Second, your proposed analytic methods (dividing up observations, t-tests, sign test) don't sound to me like they are optimal for the kind of questions that I might guess lie behind them. For example, taking continuous data and then using sign tests on it is likely to discard most of the useful information.

Perhaps the methods you propose are standard in your field or otherwise required of you, but if not, I think you'd get some useful ideas if you described what you'd like to know about your data in a more conceptual way. (e.g., perhaps "Is an organization's fundraising ratio related predictive of its revenue index?") My guess --perhaps wrong--is that there are ways to answer your question that are not only more straightforward to do in Stata, but also might be more revealing in relation to your goals.
1 like
Comment
Nick Cox

Join Date: Mar 2014

Posts: 35589
#5

03 Sep 2019, 11:00

Mike Lacy gives excellent advice.

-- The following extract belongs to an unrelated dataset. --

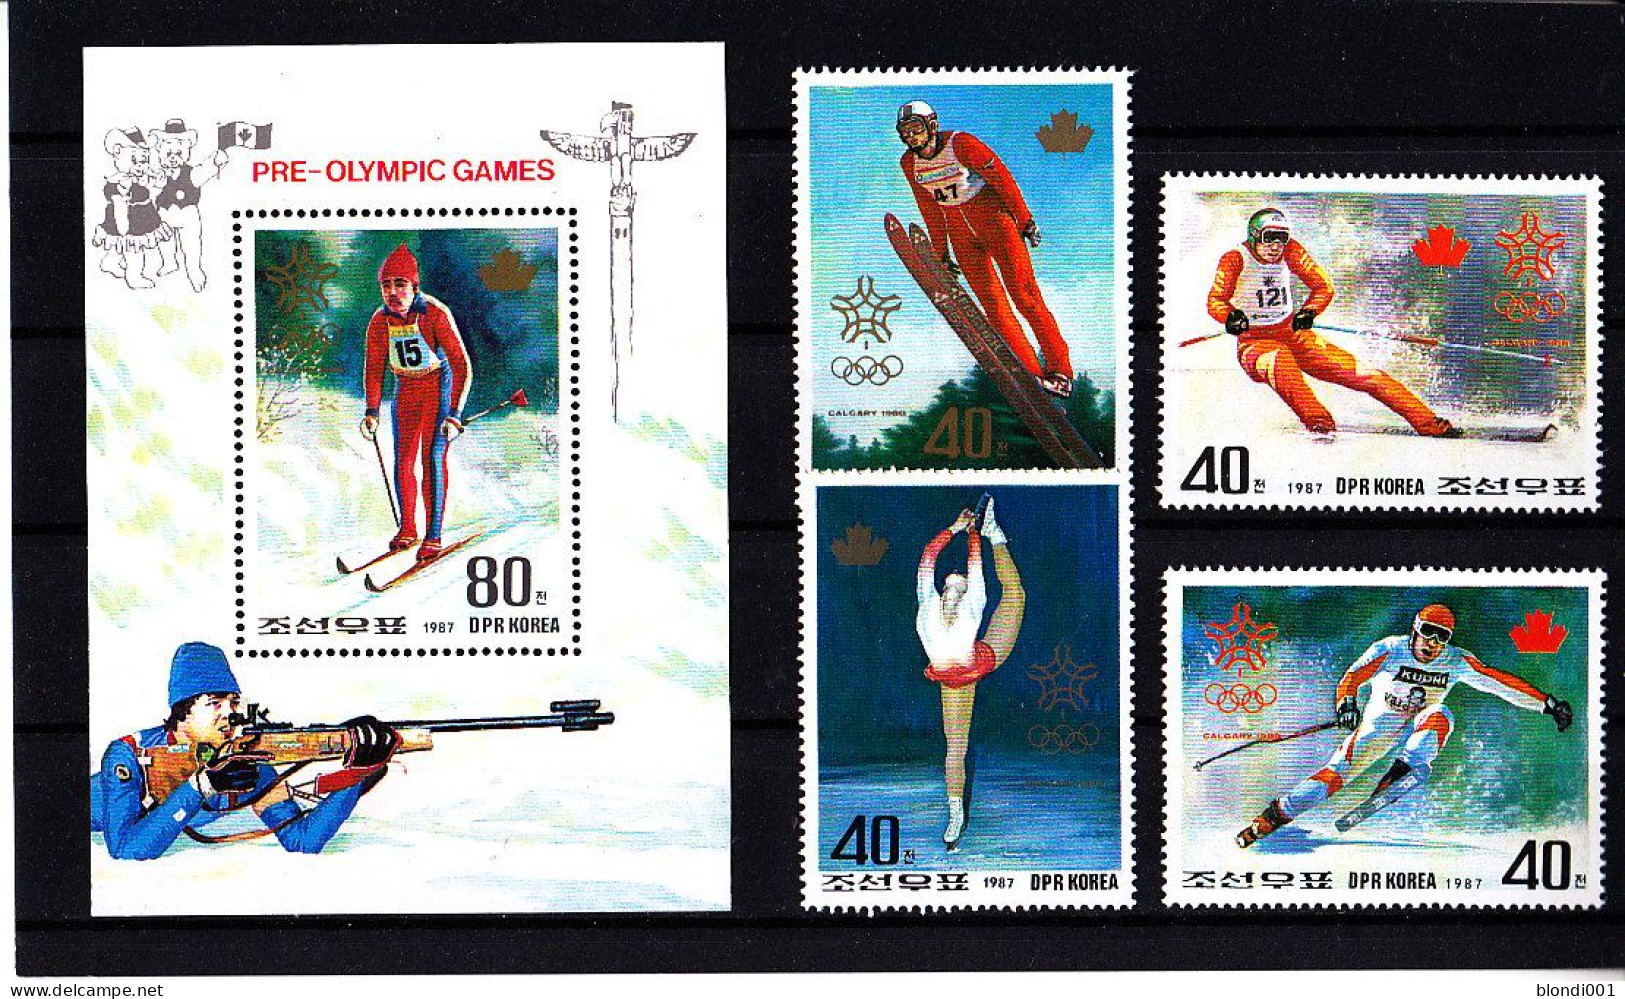 Olympics 1988 - Figure Skate - KOREA - S/S+Set MNH - Hiver 1988: Calgary

I agree with it all. I would rather look to see how any response of interest varied with asset size, or a transform thereof, or even the percent rank thereof, rather than arbitrarily identify bins at either end of the asset size distribution.

Nevertheless I think you need some hints about technique. to do what you want to do [have to do???].

collapse is highly versatile, but not universally versatile. But if you calculate 20% and 80% percentiles -- which you can do for all your data, or for subsets -- then you can bin away to your heart's content:

Code:

. sysuse auto, clear (1978 Automobile Data) . egen mpg20 = pctile(mpg), p(20) by(foreign) . egen mpg80 = pctile(mpg), p(80) by(foreign) . gen wanted = cond(mpg <= mpg20, 1, cond(mpg <= mpg80, 2, 3)) if mpg < . . scatter wanted mpg , by(foreign) yla(1/3) ms(Oh) jitter(2)

Always draw a graph to show what you did -- in particular realising that bins identified in this way are rarely homogeneous.
Comment
Jessica Berrett

Join Date: Sep 2019

Posts: 57
#6

04 Sep 2019, 16:48

Thank you everyone for your responses! I agree that this is not the idea method but I'm doing a replication study and unfortunately the Stata code is not available.

I got the code above to work for my dataset, which is great as I feel I'm a step closer. However, one concern I have is that this looks like it's for the 20th and 80th percentiles, whereas I'm looking for percentages of the top and bottom 20%. Should the code be a little different for deterring percentages rather than percentiles?
Comment
Jessica Berrett

Join Date: Sep 2019

Posts: 57
#7

04 Sep 2019, 17:55

I actually think I figured it out...

bysort sizeportfolio: gen byte low = _n < (0.2*_N)
bysort sizeportfolio: gen byte high = _n > (0.8*_N)
Comment
Clyde Schechter

Join Date: Apr 2014

Posts: 30058
#8

04 Sep 2019, 18:22

Well, actually I think that Nick is right in #5 and what you show in #7 will, depending on the data, either produce the same thing or will be wrong.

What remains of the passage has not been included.